Ingliston Racing Circuit
- Location: Edinburgh, Scotland
- Coordinates: 55°56′35″N 3°22′39″W﻿ / ﻿55.94306°N 3.37750°W
- Owner: Royal Highland Agricultural Society Of Scotland (RHASS)
- Opened: 11 April 1965; 61 years ago
- Closed: 16 September 1994; 31 years ago (officially)
- Major events: Dunfermline Car Club Rally, Ingliston Revival, Scottish Motor Racing Club (SMRC) Events, Various car club heats, Scottish Car Show, British Cycling

Full Circuit (1965–1994)
- Length: 1.030 mi (1.657 km)
- Turns: 12

= Ingliston Racing Circuit =

Motor racing circuit in Edinburgh, Scotland

Ingliston Racing Circuit is a 1.030 mi motor racing circuit that was built at the Royal Highland Showground at Ingliston, Edinburgh. The circuit was created by widening and linking the network of access roads at the venue which had previously been used exclusively as an agricultural showground.

The first racing took place at Ingliston on 11 April 1965 and it fast became recognised as one of Scotland's top motorsport venues. The first race was almost 10 years before Knockhill in Fife opened in 1974 . Ingliston became infamous for its tight corners and plethora of obstacles such as trees and buildings close to the track and was therefore considered to be more hazardous than other similar facilities in the UK. There were extensive spectator facilities including a 5000-person grandstand which was built around the southern part of the track and thus named 'Arena'.

The venue saw many famous drivers compete at races including the late Jim Clark, Jackie Stewart, Stirling Moss and later David Coulthard.

==History==
===1968 expansion===
On 4 September 1968 the track re-opened benefiting from an extension to the northeast of 600 ft including a long straight leading to hairpin and back to left-hander where the new section rejoined the original circuit. This took the full circuit to a length of just over one mile, allowing for a more fulfilling experience for drivers and spectators alike and more racing as a result. Two circuits could be operated, the original or extended, both in a clockwise direction.

===Scottish Motorsport Centre===
In the winter of 1989 Sir Jackie Stewart publicly announced his plans for a Scottish Motorsport centre. An investment of £80 million was proposed to create a motoring centre of excellence, to include research and development facilities, showrooms and garages around the perimeter of the circuit. The plans received public approval but full funding was shortcoming and a planning application never submitted to Edinburgh District Council.

In addition to a two-mile Grand Prix standard racing circuit and motor industry test facilities, the New Ingliston proposals would embody a luxury hotel, multi-screen cinema, bowling alley, garden centre, autopark trading units, and heritage museum, within its perimeters.

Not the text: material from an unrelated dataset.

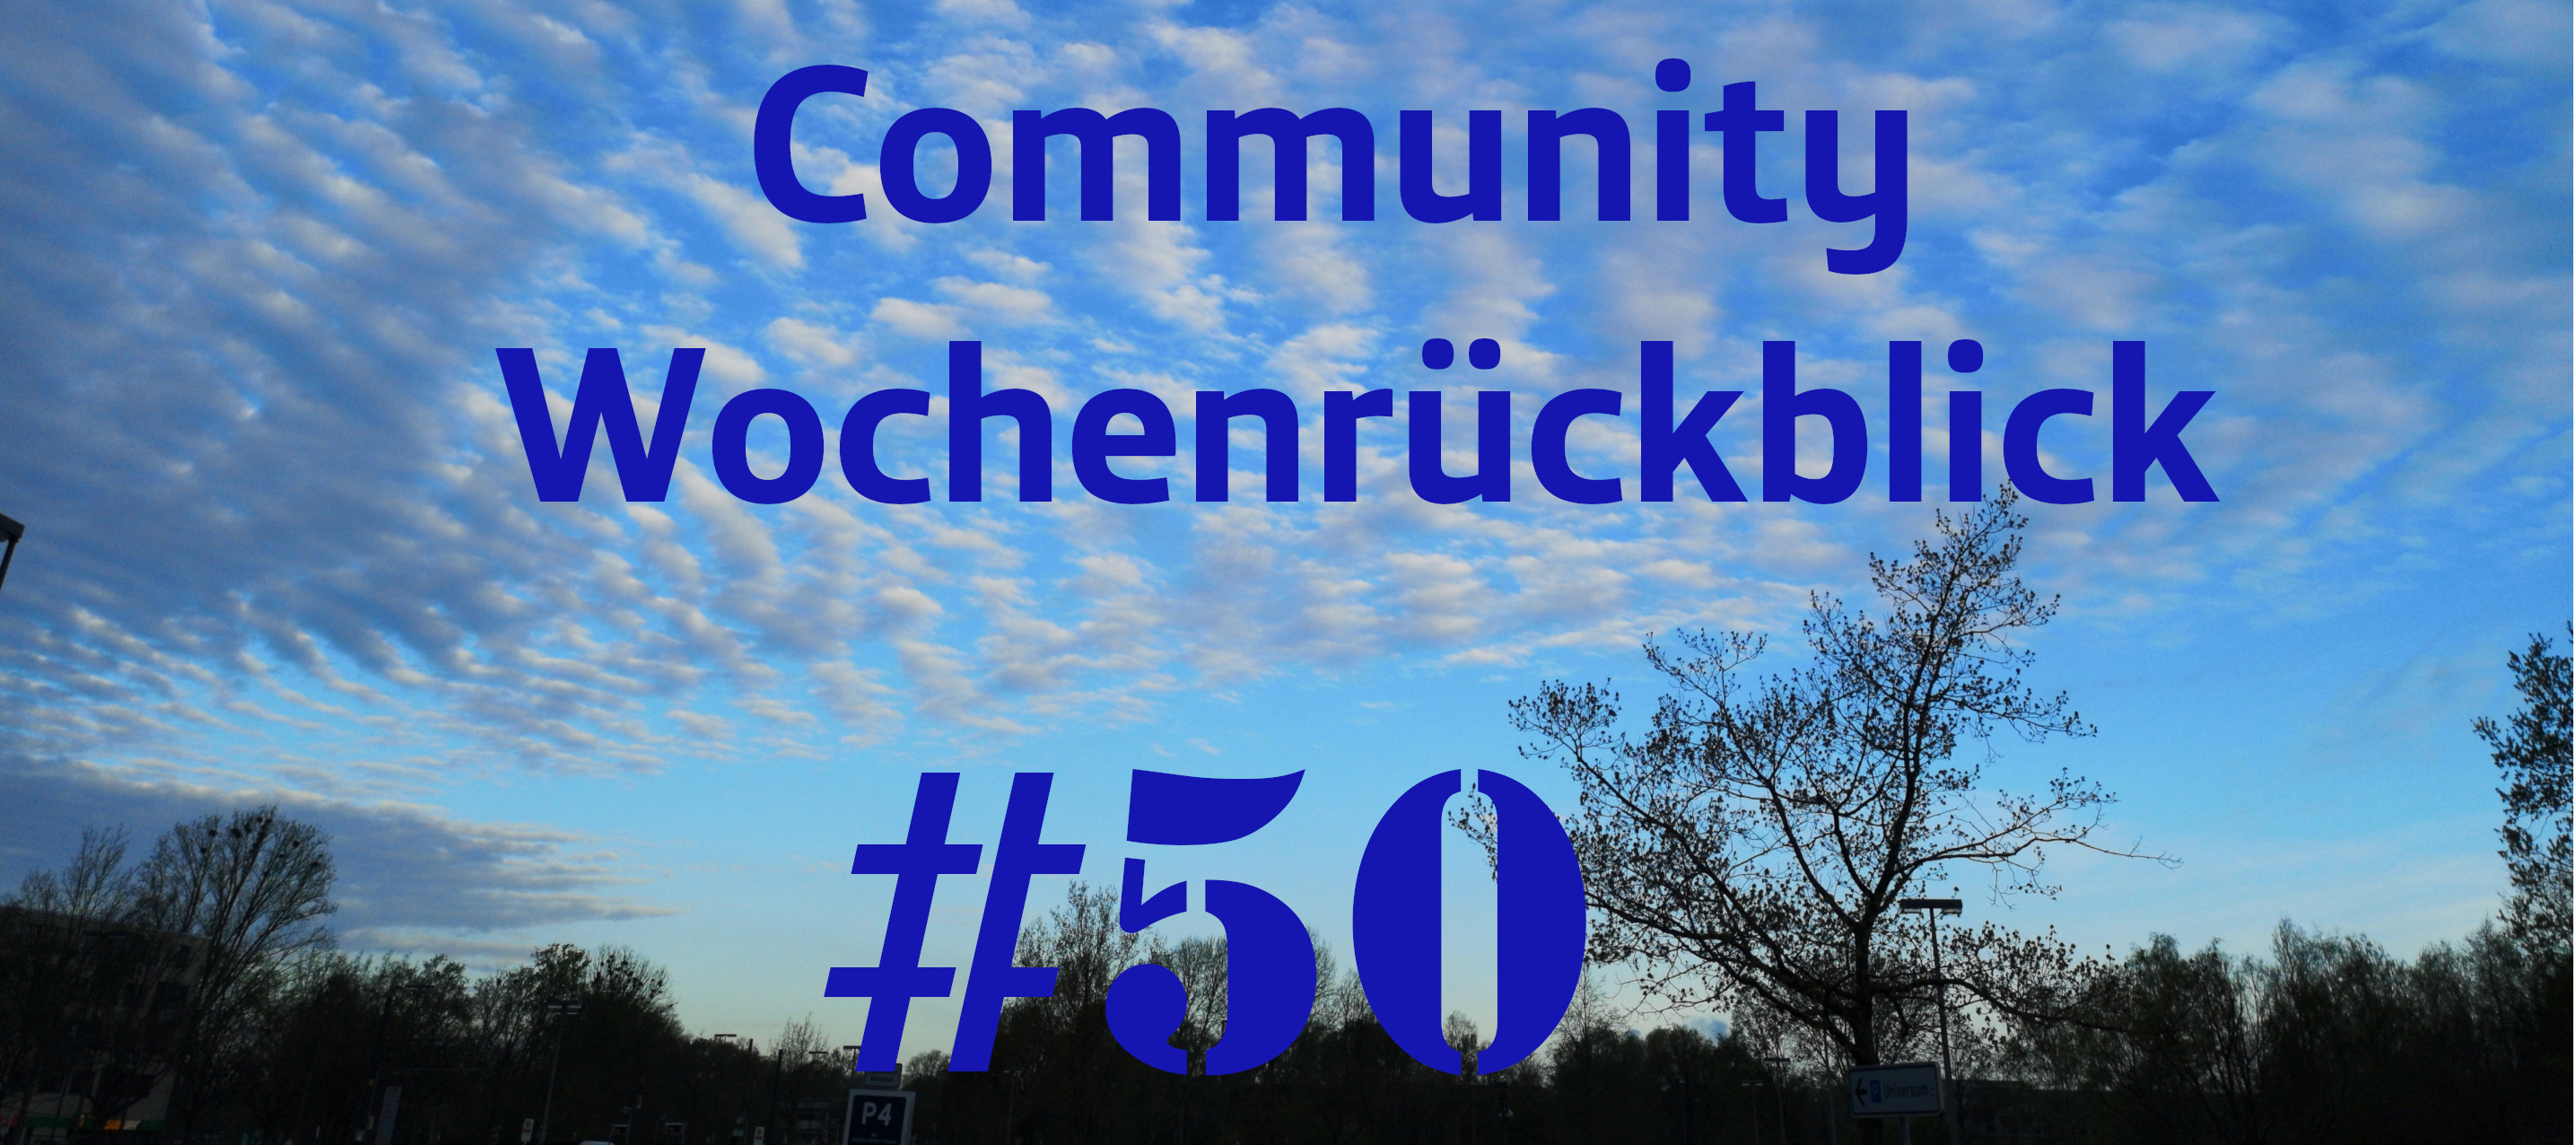 Community Wochenrückblick #50

Jackie Stewart, who designed the track, said his involvement with the McGregor Holdings concept which includes personal investment, came after persistent requests from throughout the world to participate in developing race circuits.

===1995 closure===
During the downturn of the early 1990s the circuit started to fall behind modern standards. Increased competition from Knockhill Racing Circuit in Fife and a lack of investment in modern safety facilities as well as increased pressure from the venue for other non-motoring related activity spelled the end of motorsport at Ingliston. The track was de-commissioned and infrastructure removed, paving the way for the venue to pursue its main ambition as a public showground.

===Today===
Much of the original circuit remains in place with the only major missing piece being Arena, where a grandstand overlooking the main ring of the venue (used principally for the Royal Highland Show) has been constructed. Other parts of the track are used as access roads, car parking and for occasional track days and driving events. The pits area has been removed.

===Revival===
2015 saw the 50th anniversary of the circuit and a revival planned for September 2015. The event was planned to relive the excitement of old Ingliston where owners are invited to drive their cars on the re-opened circuit. The event attracted 11,000 people over the weekend.

The original circuit was built over at Arena, so an access road adjacent to the structure was widened and graded to allow a full-circuit to be drivable, the first time this was possible in over 20 years.

==Other uses==
The northern part of Ingliston Racing Circuit is used by driving experience companies Experience Voucher and Ingliston, and also by the Dunfermline Car Club for rally and cycling races, amongst others.